End-to-End Machine Learning Pipeline
Complete ML pipeline classifying breast tumors as Malignant or Benign using the Wisconsin Diagnostic dataset. Covers preprocessing, unsupervised exploration, supervised training, and clinical recommendation.
- Source: Breast Cancer Wisconsin (sklearn.datasets)
- Samples: 569 | Features: 30
- Target: Malignant (212) vs Benign (357)

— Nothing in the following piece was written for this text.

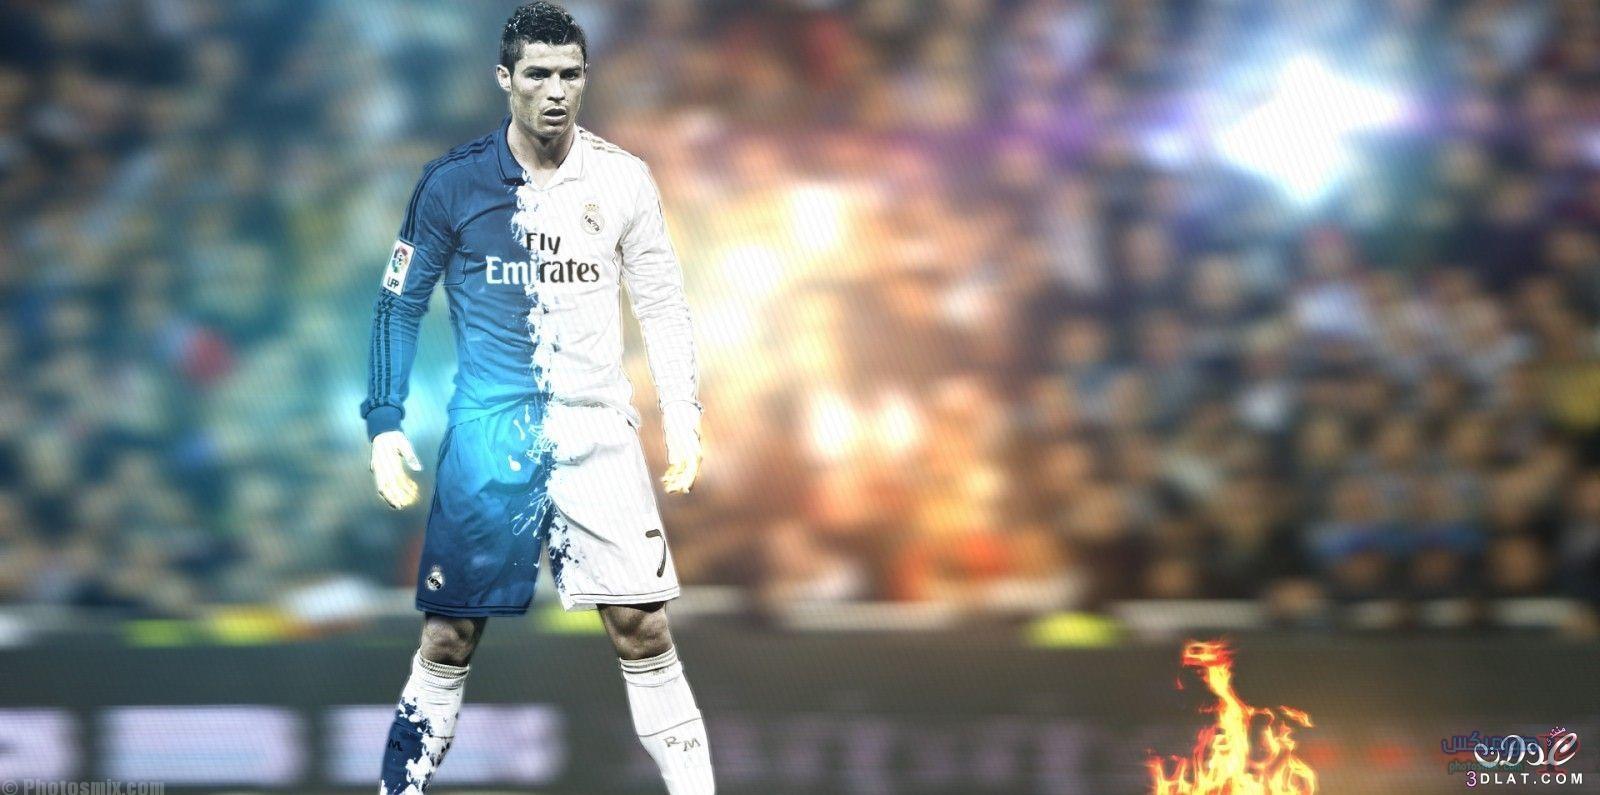 -رصور-رونالدو-بالملعب-2 صور كريستيانو رونالدو , اجمل صور Ronaldo 2018 , خلفيات ورمزيات رونالدو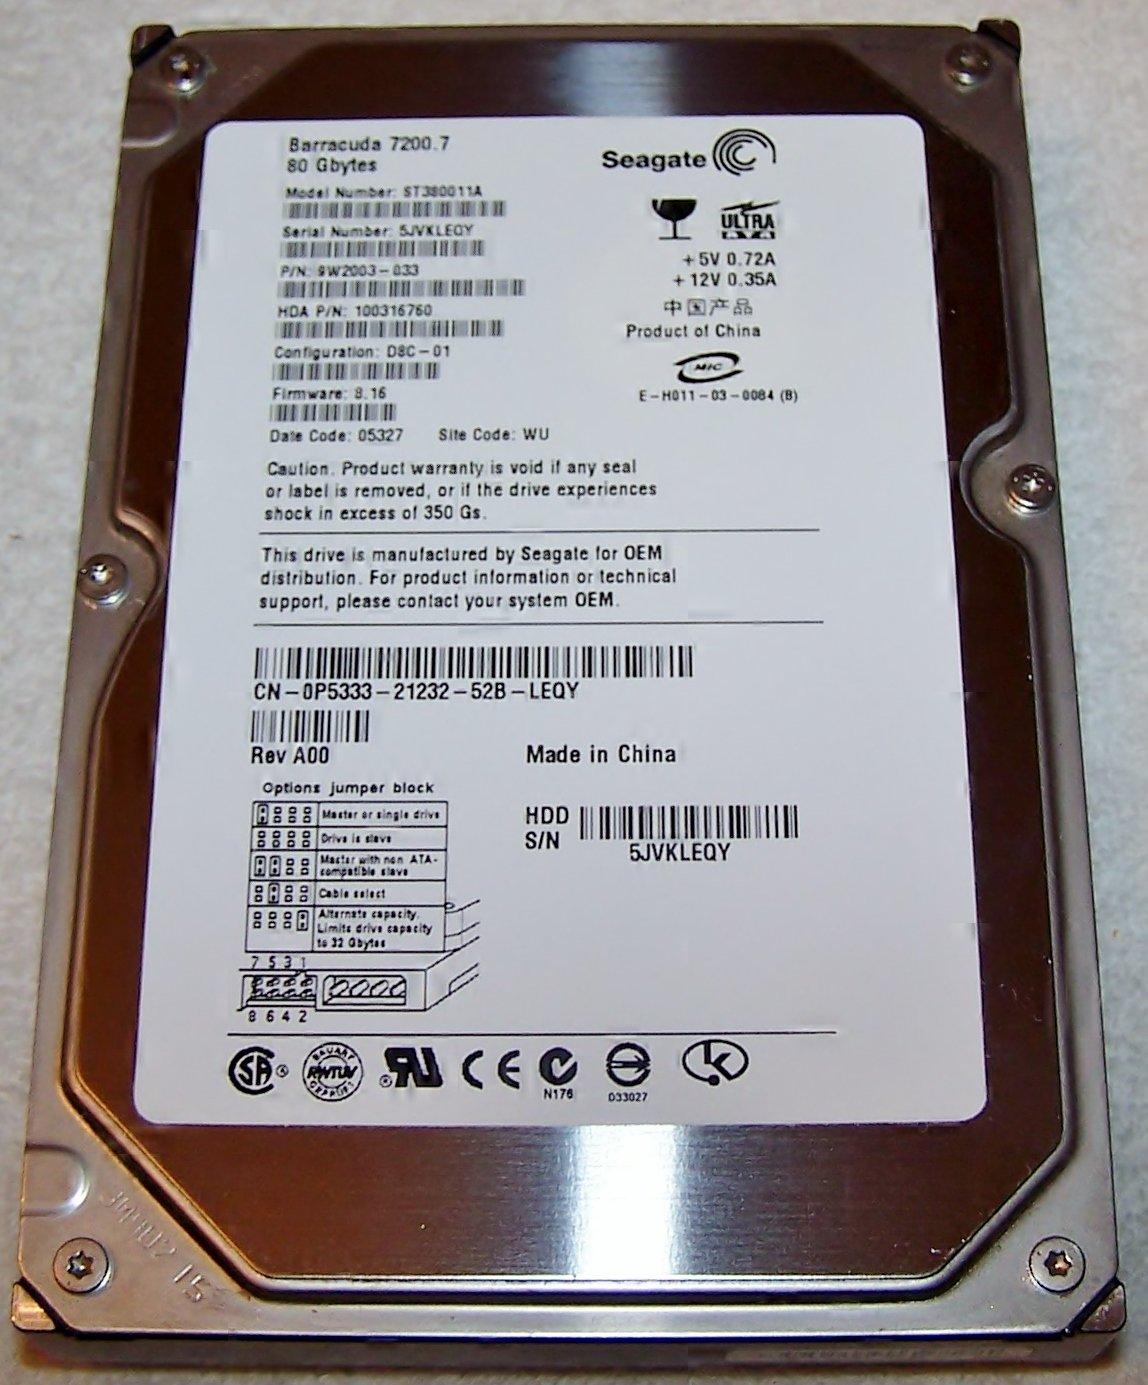 SEAGATE Barracuda Model ST380011A 80GB IDE Hard Drive

| Model | Accuracy | Precision | Recall | F1 | AUC |
|---|---|---|---|---|---|
| Logistic Regression | 98.2% | 99.1% | 98.1% | 98.6% | 0.998 |
| SVM (RBF Kernel) | 97.1% | 98.1% | 97.2% | 97.7% | 0.996 |
| Decision Tree (depth=5) | 97.1% | 98.1% | 97.2% | 97.7% | 0.968 |
| KMeans Clustering | 90.5% | — | — | — | — |
| PCA Variance Explained | 63.2% | — | — | — | — |
Logistic Regression recommended for clinical use: highest AUC (0.998) with only 1 false positive in 170 benign test cases.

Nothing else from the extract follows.